J'ai été confronté au manque de documentation sur le sujet. Et quand on regarde les exemples fournis avec les tools on ne trouve heureusement plus l'example tcpPort qui utilisait les fonctions sockets BSD au lieu de  NSSocket et tout et tout.

Mais je te rassure. La classe NSSocketPort est toujours aussi peu documentée ... je me demande finalement ce qu'il peut bien y avoir dans le bouquin Learning Cocoa sur le sujet s'il en parle.

regarde toujous à NSSocket ou NSConnexion ...


----------



## Membre supprimé 2 (4 Juillet 2001)

tu n'as qu'à utiliser les classes java.net.* avec les Cocoa Bridges que tu transtype pour chaque socket. 
Puis, tu dérives la classe com.apple.net.cocoa.java.tcpip dans ton thread vers un pointeur sur un tableau de NSWindow2000Server.

Euh après Learning Cocoa, y prévoit Comprending Cocoa?
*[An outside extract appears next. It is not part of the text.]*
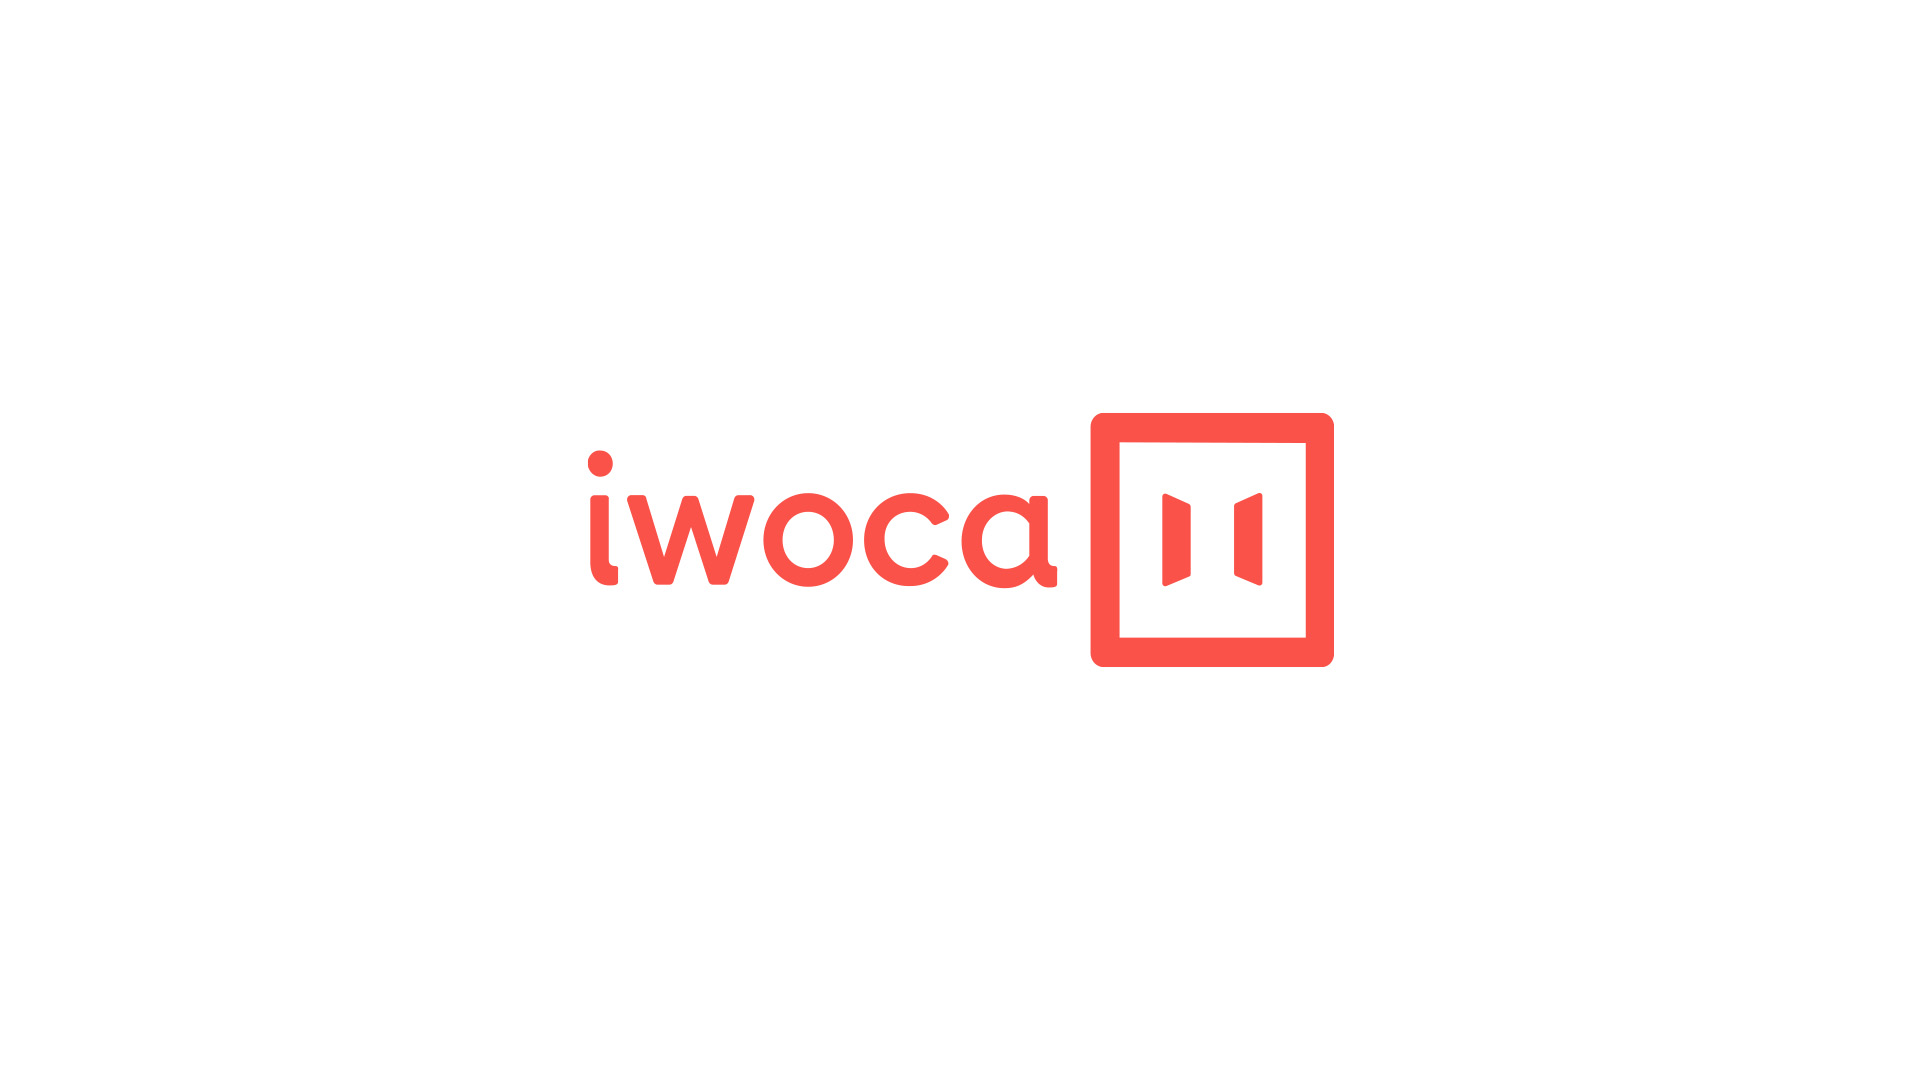 iwoca – rebrand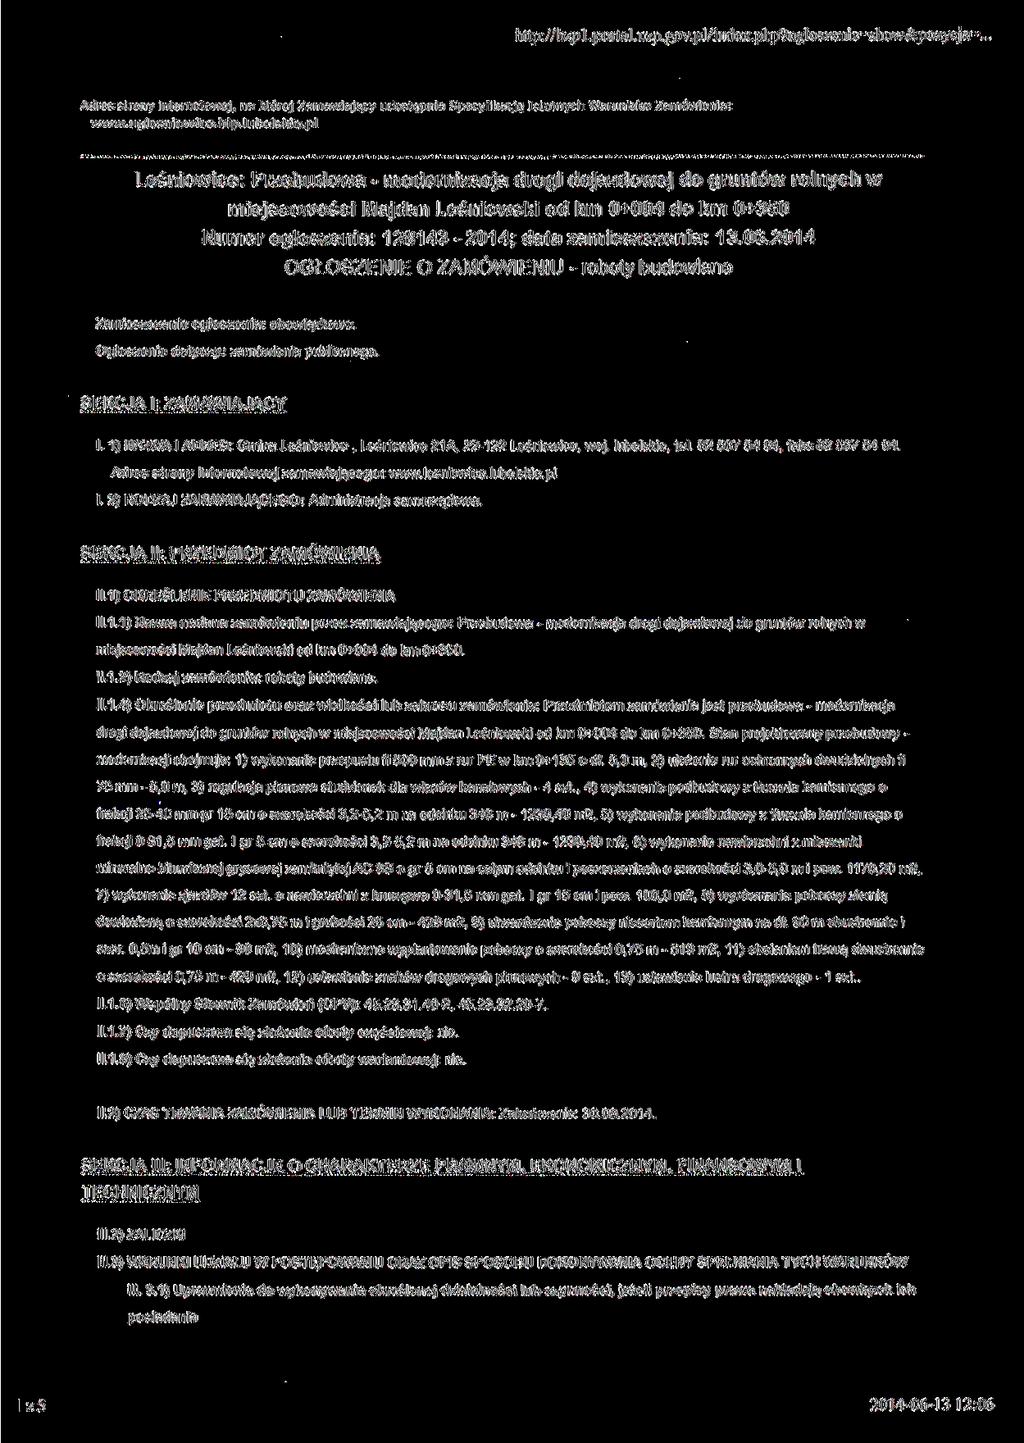 http://bzpl. portal. uzp.gov.pl/index.php?ogloszeme=show&po^cja=. Adres strony internatowej, na której Zamawiający udostępnia Specyfikacje Istotnych Warunków Zamówienia: www.uglesniowice.bip.

Désolé pour ce délire, mais là, avec une chaleur pareille, moi je suis Carbonisé.


----------



## steg (5 Juillet 2001)

Bon j'avais apercu les NSPort, mais ca ne me plaisait pas, et ca me rend fout de savoir qu'il n'y a pas de classe à la hauteur de Cocoa   
	

	
	
		
		

		
			





 ... j'ai trouver ce qu'il me convient finalement, c'est plus simple que le OmniNetworking, et plus light : http://sourceforge.net/projects/smallsockets/ 
qui utilise les ports bsd de facon agreable...


----------